This project performs sentiment analysis on Twitter data using a variety of machine learning and deep learning models, including traditional ML classifiers, LSTM, CNN, RNN, ANN, and transformer-based models (BERT, RoBERTa). The workflow covers data loading, cleaning, visualization, feature engineering, model training, evaluation, and comparison.
- Data cleaning and preprocessing
- Exploratory data analysis and visualization (bar plots, histograms, word clouds)
- Feature engineering (TF-IDF, Word2Vec)
- Model training and evaluation:
- Traditional ML: Logistic Regression, Random Forest, SVM, Naive Bayes, Decision Tree, KNN
- Deep Learning: LSTM, CNN, RNN, ANN (using TensorFlow/Keras)
- Transformer-based: BERT, RoBERTa (using HuggingFace Transformers)

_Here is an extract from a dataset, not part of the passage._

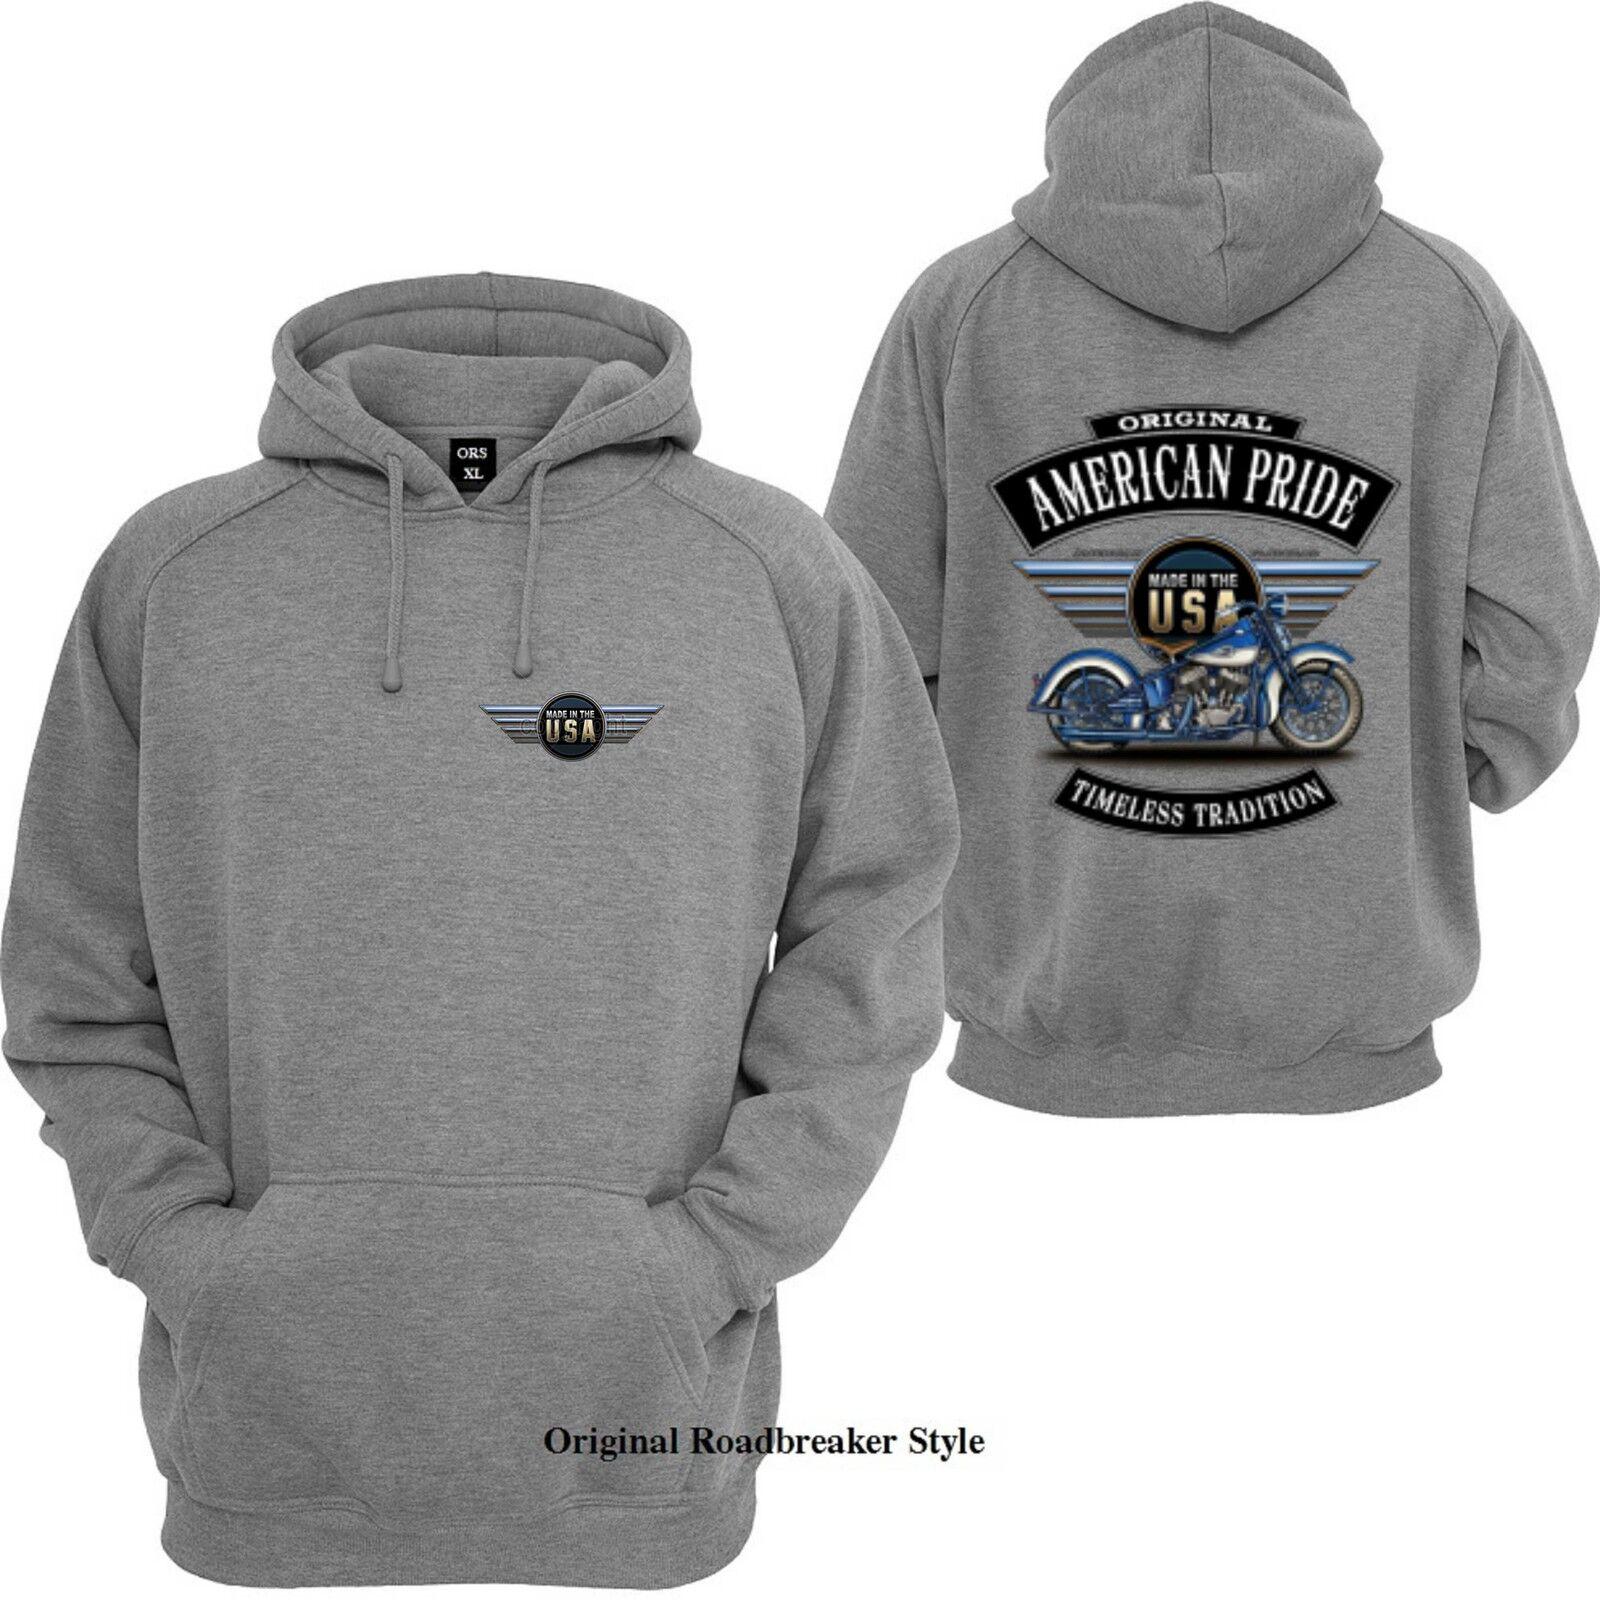 Veste sweat-shirt/Hoody & Gris HD Biker Chopper & sweat-shirt/Hoody Old schoolmotiv modèle American p. 473f58

- Hyperparameter tuning (GridSearchCV)
- Model comparison (accuracy, F1 score)
- The notebook expects a CSV file containing Twitter data with columns such as
Tweet,clean_tweet,sentiment, etc. - The dataset is loaded interactively (e.g., via Google Colab's file upload) or by specifying a path.
- Python 3.7+
- Jupyter Notebook or Google Colab
- Key libraries:
- numpy, pandas, matplotlib, seaborn
- scikit-learn
- wordcloud, textblob
- gensim
- tensorflow, keras
- torch, transformers (HuggingFace)
Install dependencies with:
pip install numpy pandas matplotlib seaborn scikit-learn wordcloud textblob gensim tensorflow torch transformers- Open the notebook:
sentiment_analysis.ipynbin Jupyter or Google Colab. - Upload your dataset when prompted, or modify the code to load your CSV file directly.
- Run all cells sequentially to:
- Clean and explore the data
- Visualize sentiment distributions and word clouds
- Train and evaluate multiple models
- Compare model performance
- Traditional ML: Logistic Regression, Random Forest, SVM, Naive Bayes, Decision Tree, KNN
- Deep Learning: LSTM, CNN, RNN, ANN (TensorFlow/Keras)

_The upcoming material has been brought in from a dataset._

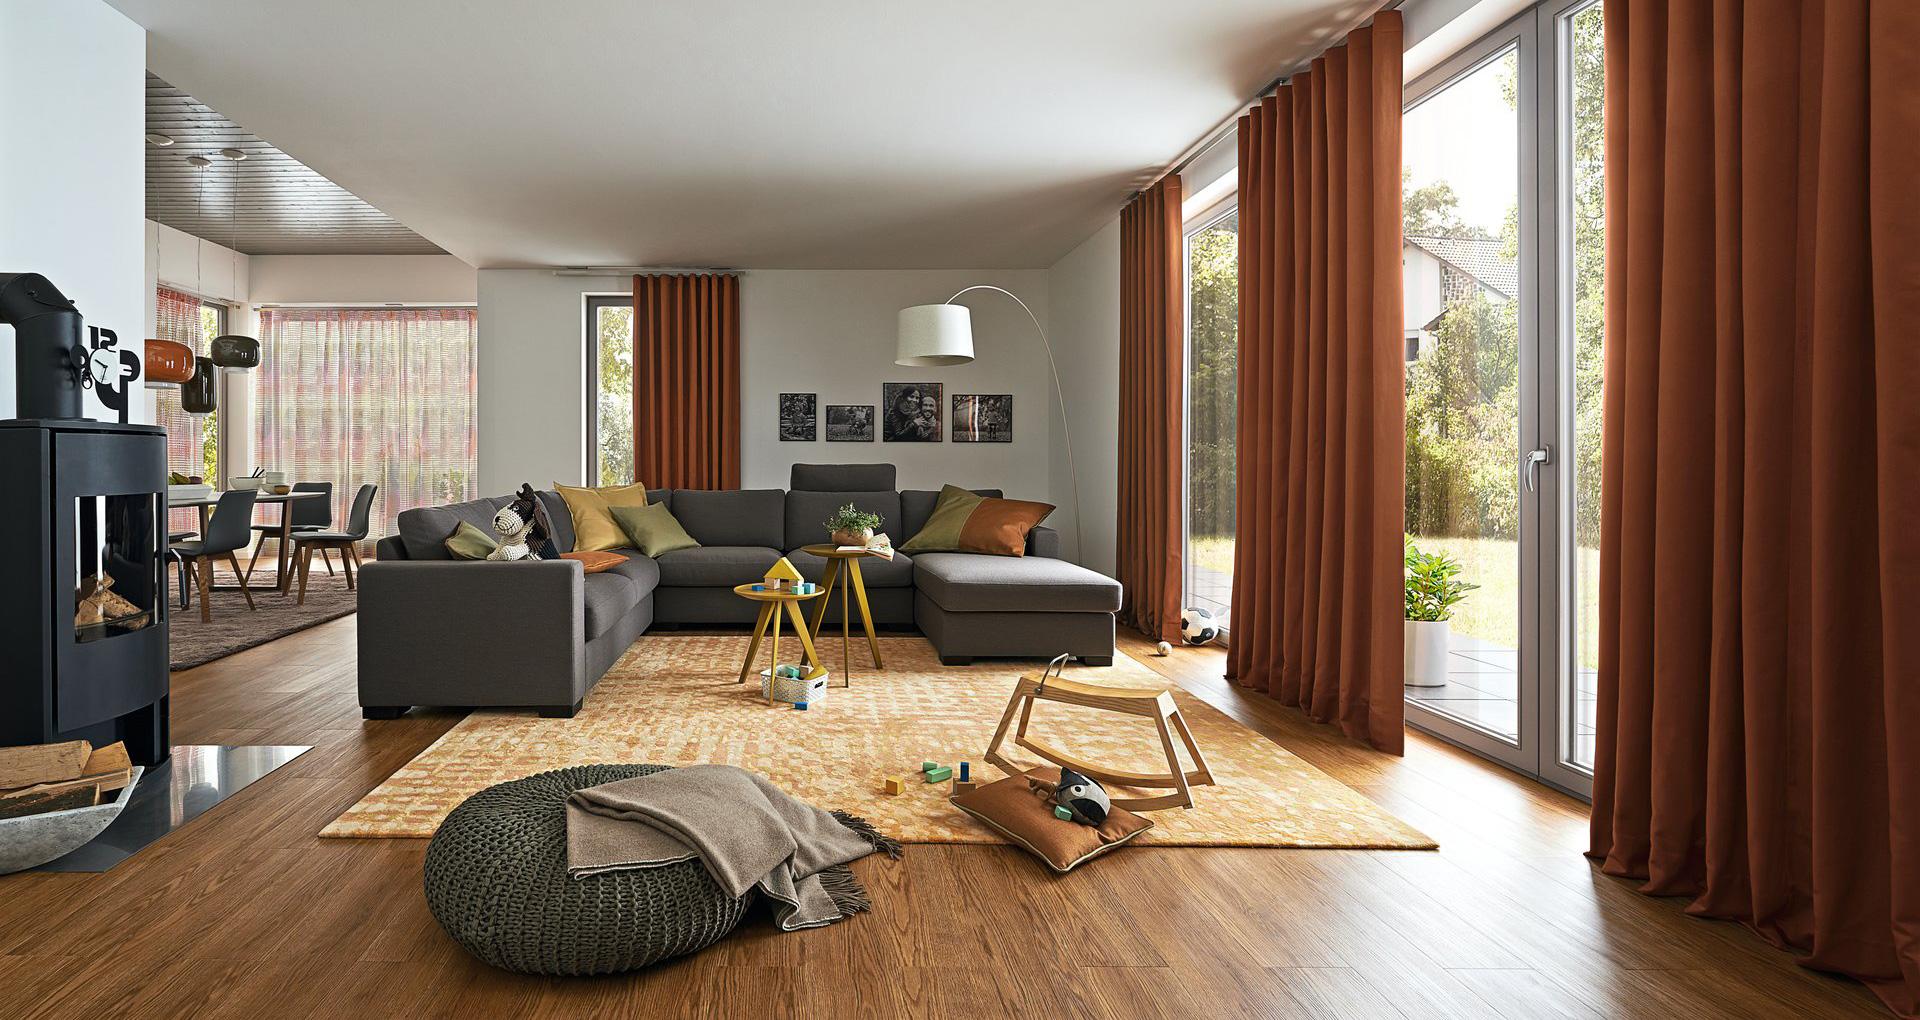 Herzlich willkommen dekoline modernes wohndesign in pasewalk for Modernes wohndesign

- NLP Transformers: BERT, RoBERTa (HuggingFace Transformers)
- TextBlob: Rule-based sentiment analysis
- Word2Vec: Feature engineering for ML models
- The notebook provides accuracy and F1 score comparisons for all models.

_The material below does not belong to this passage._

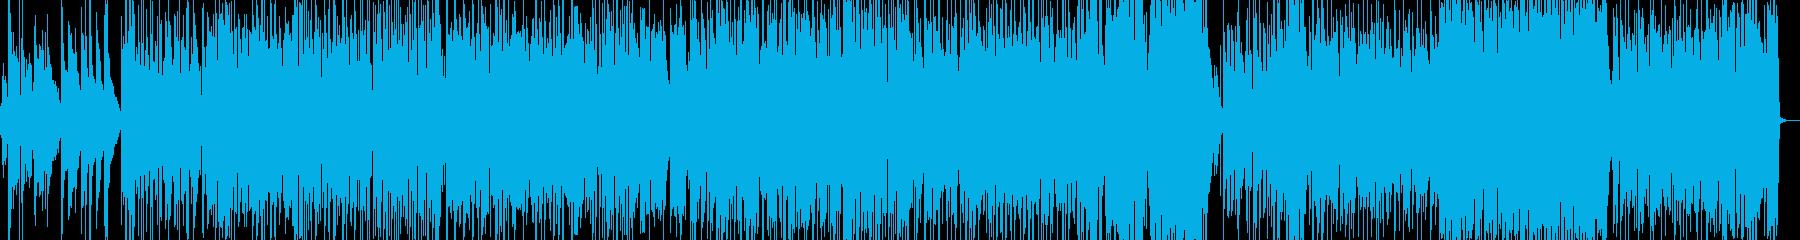 ミディアムテンポのノリのいい曲の再生済みの波形

- Visualizations and tables summarize model performance.
- For BERT/RoBERTa, GPU acceleration is recommended (e.g., Google Colab).
- You may need to authenticate with HuggingFace for model downloads.
- Modify hyperparameters and model architectures as needed for your experiments.
This project is for educational and research purposes.